Amstrad Action


Author: Bob Wade
Publisher: Mastertronic Added Dimension
Machine: Amstrad CPC464/664/6128

Published in Amstrad Action #16


Not what you'd call the most intellectually stimulating game title - but then it's the name of the main character, the planet and just about everything else in the game. Your job is to get Zub back to Zub by way of ten planets and their teleport systems.

The game is superbly presented. A great title page gives way to a bogglingly original options screen: several menus scroll busily in simultaneous windows - a marvellous effect. Once you've read through that lot you can enter the game itself. You've got quite a straightforward task in concept, but it's difficult to execute.

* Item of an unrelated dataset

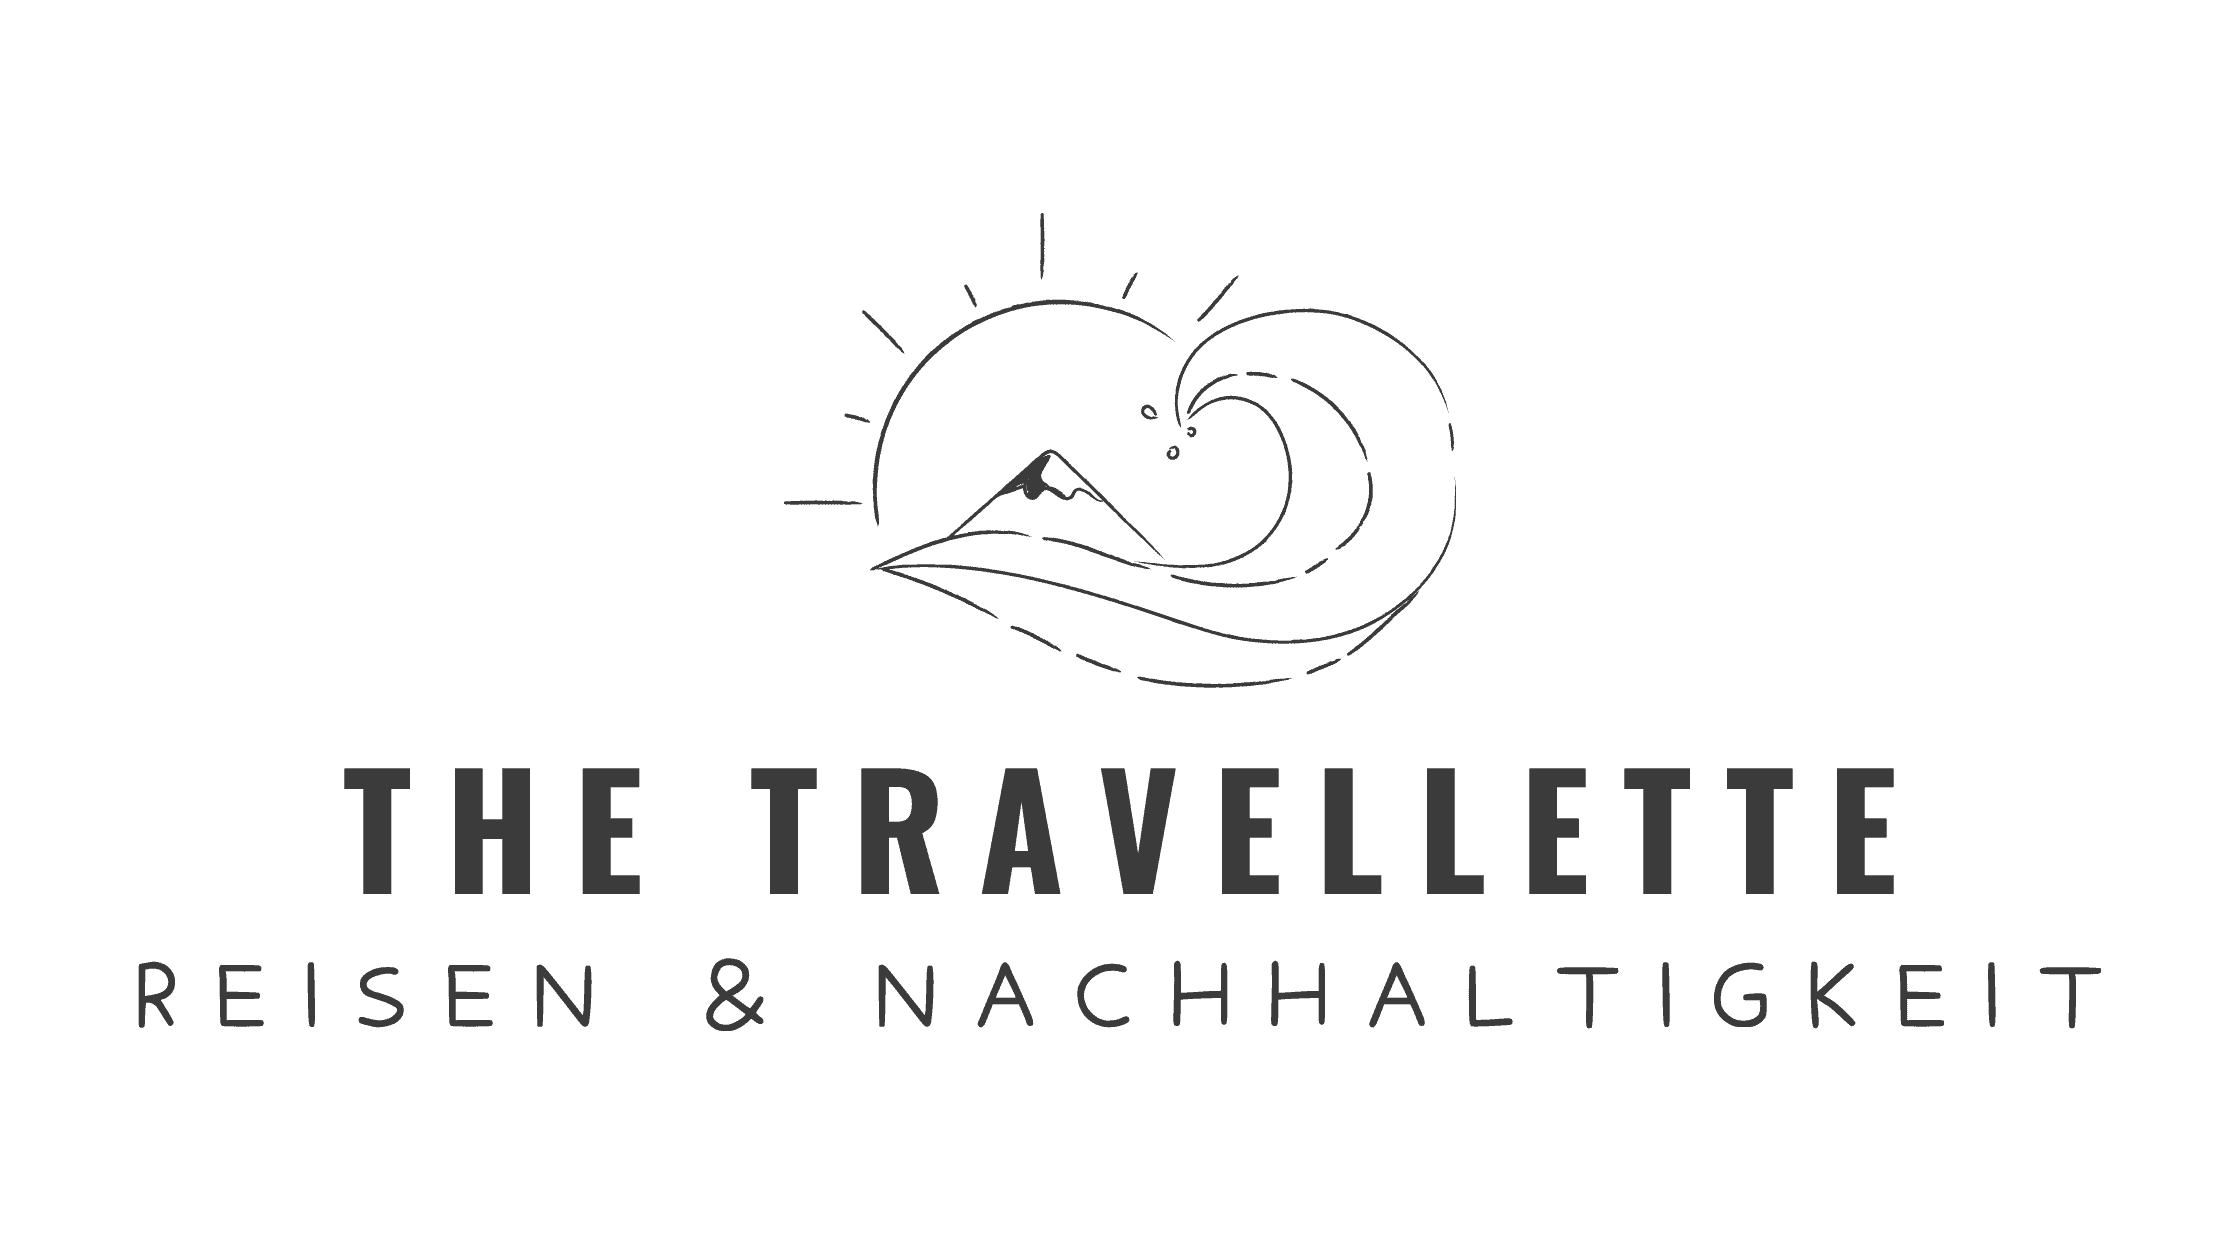 The Travellette

As space-suited Zub, you appear on a planet surface and can walk left and right, and jump. Zub is nicely animated and the screen scrolls with him wherever you go. If you go too far left or right you run into a forcefield, blocking your way and draining your energy.

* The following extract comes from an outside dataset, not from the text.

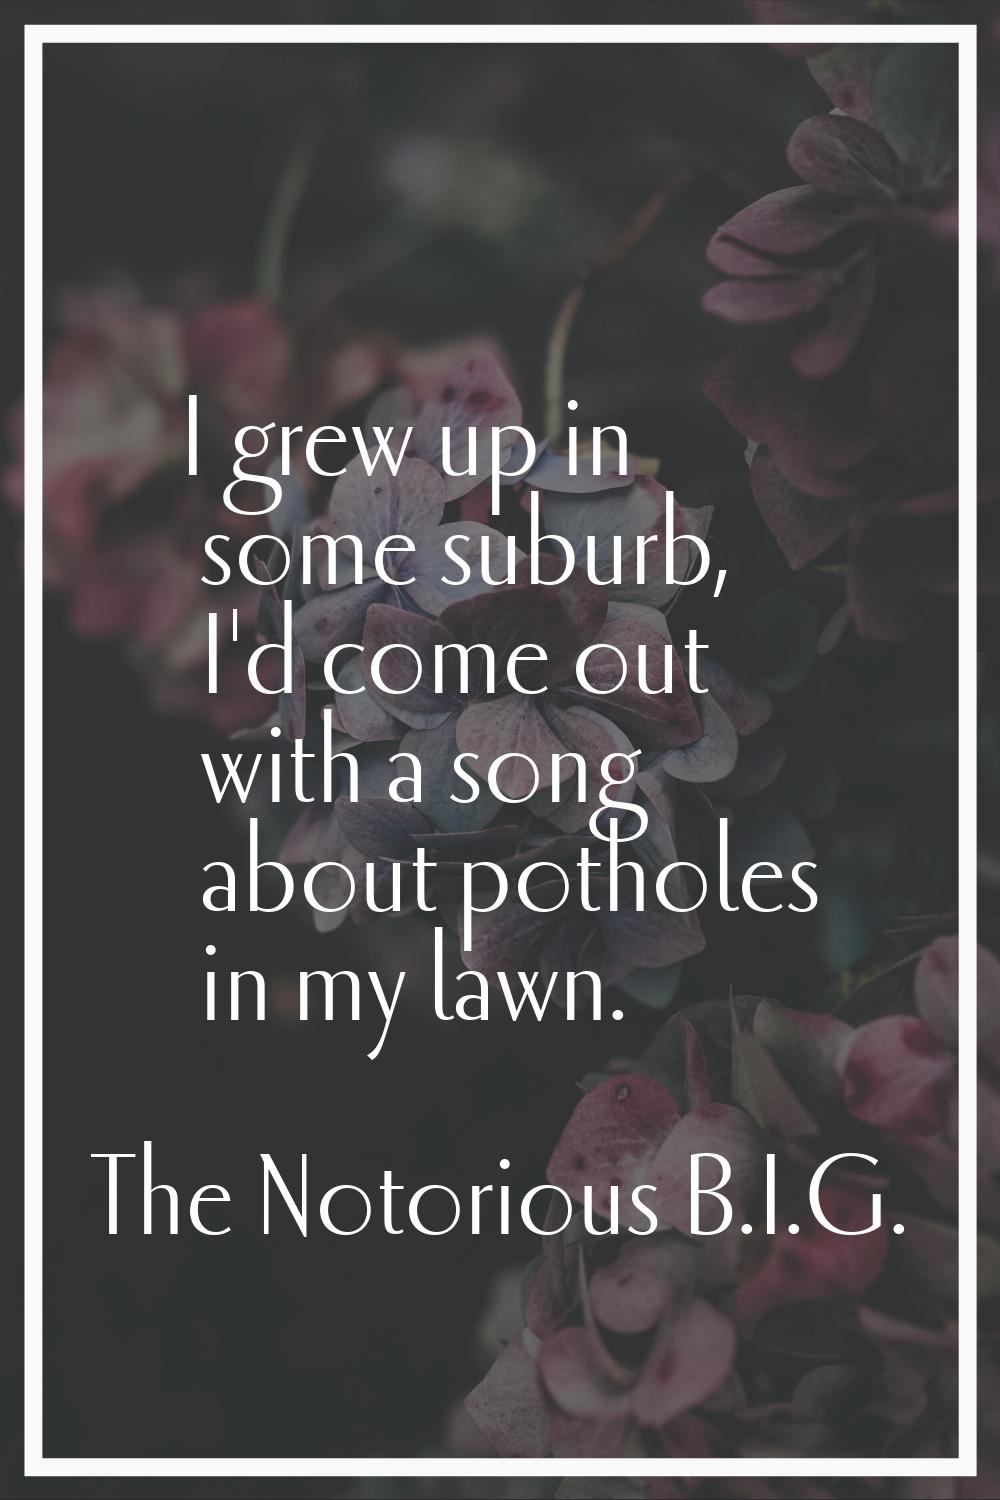 I grew up in some suburb, I'd come out with a song about potholes in my lawn.

Above the ground are platforms just big enough to stand on - you can jump up on to one. Crouching down, you can then move the platform until it is underneath another or.e and leap up to it. Carry on doing that until high enough to be transported off the planet.

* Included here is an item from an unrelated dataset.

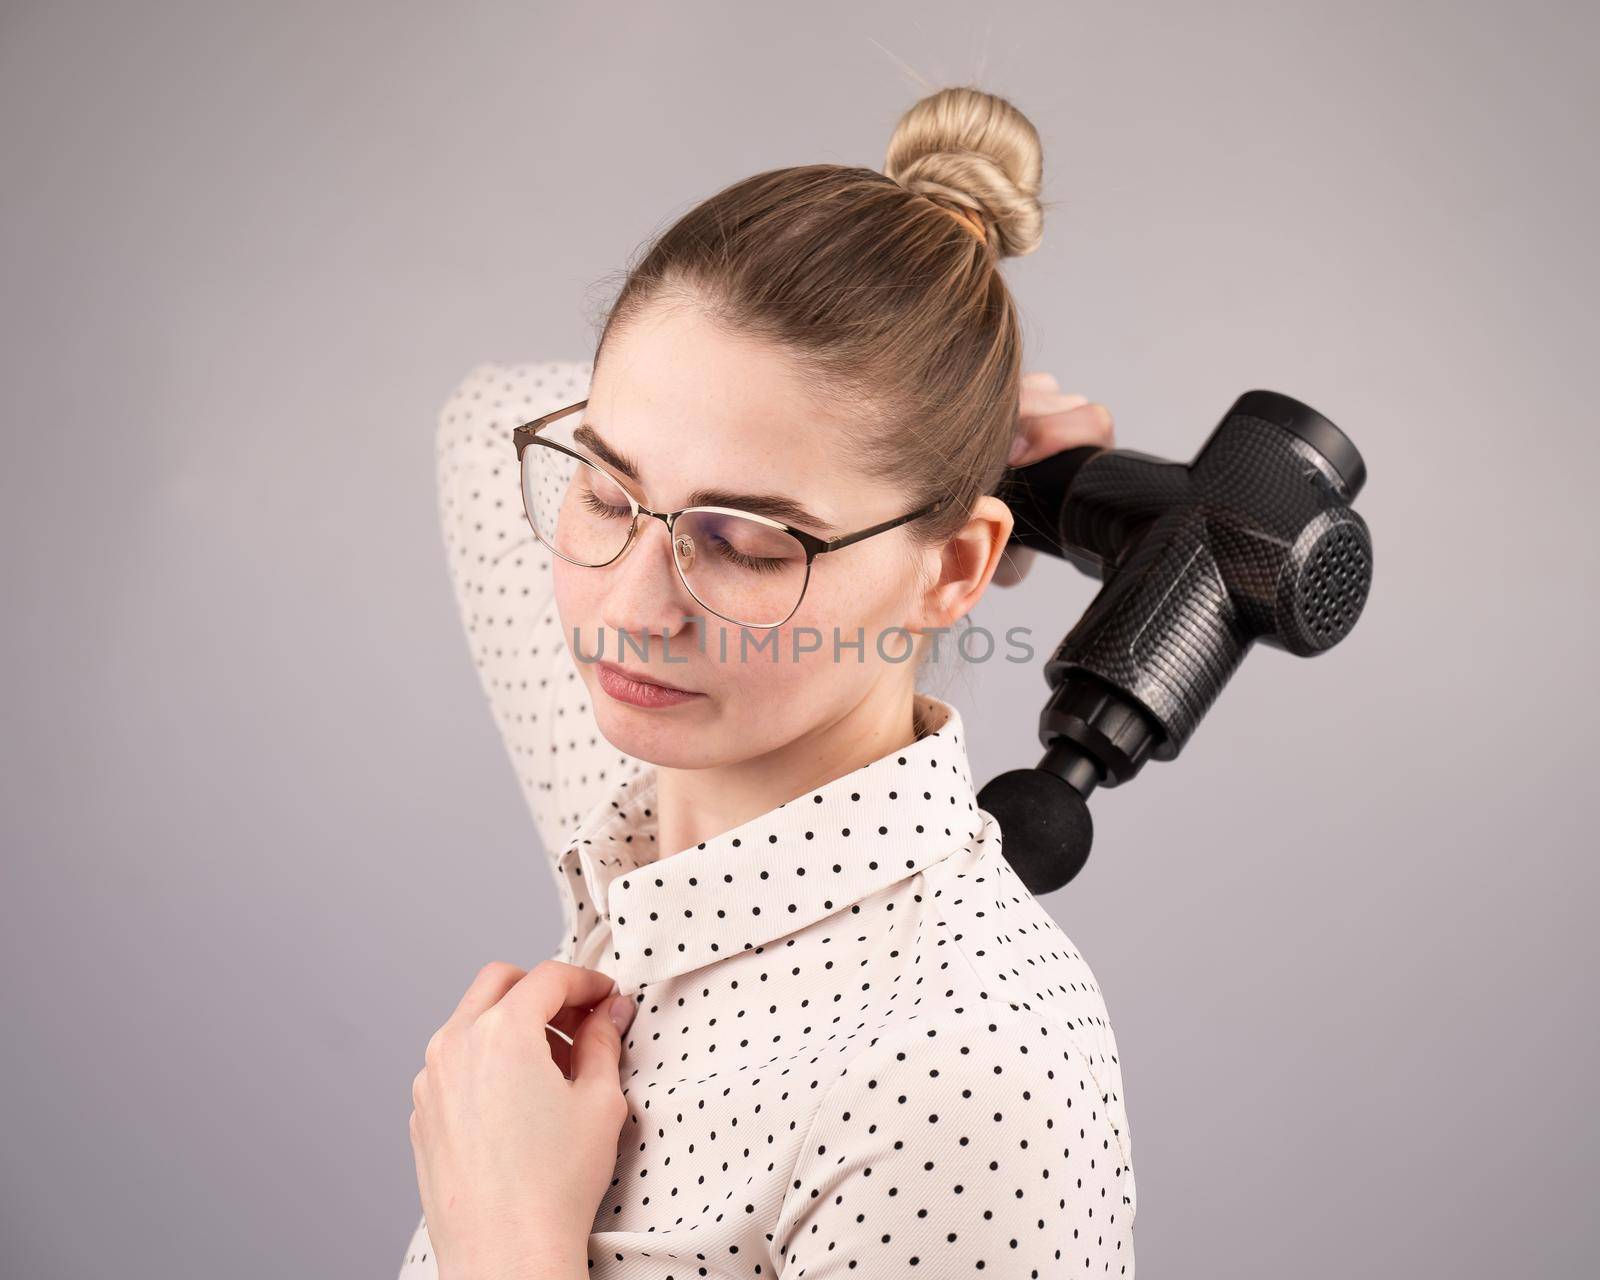 Caucasian business lady makes herself a back massage with a massager gun on a white background

There is always more than one tele-porter platform, though; you'll have to experiment to find out which takes you where. You arrive on the surface of the new planet and have to make your way up to the teleporter again.

Your progress into the air doesn't go unhindered: security droids patrol each planet. These come down from above the teleporters and home in on you. They drain your energy when they touch you and try to knock you off the platforms. Energy drain is shown by an enlarged Zub at the side of the screen, which gradually turns into a skeleton - very tasteful.


A droia can be shot but it is immediately replaced by another, which will head down toward you. Bumping into forcefields can also cause you to fall off the platforms: you plummet until landing on another platform or the planet. This doesn't cost you energy, but it means a long way to go back up.

Sometimes after teleporting you get the chance to regain some power by collecting power pills. These can sustain you through long games.

Planets are all basically the same. They just appear in different colours and with a different droid. This means that despite the excellent presentation the game lacks in variety.


The graphics are good, though there isn't much except Zub and the droids. As for sound, there are two different tunes for the title screen and the game itself, the latter slowing down as you lose energy. Even so you may find them a little too hectic after a while. The gameplay is great fun to start with but you may soon tire of the lack of variety.

Second Opinion

I found this game both highly addictive and very frustrating. No matter how hard I tried, I just couldn't get to level four. Some highly original concepts have been well executed. The melody makes me want to stamp my feet and adds to the overall atmosphere. At only £2 you'll not only stamp your feet, you'll leap sky-high.

First Day Target Score

500 points.

Green Screen View


Splendid choice of colours.

Good News

P. Very well presented.
P. Good music on title screen and game.
P. Lots of fun to start with due to the character, music and task.
P. Quite hard to complete the whole thing.

Bad News

N. Lacks variety.
N. Falling off when near the top and teleporting to the wrong planet can be very frustrating.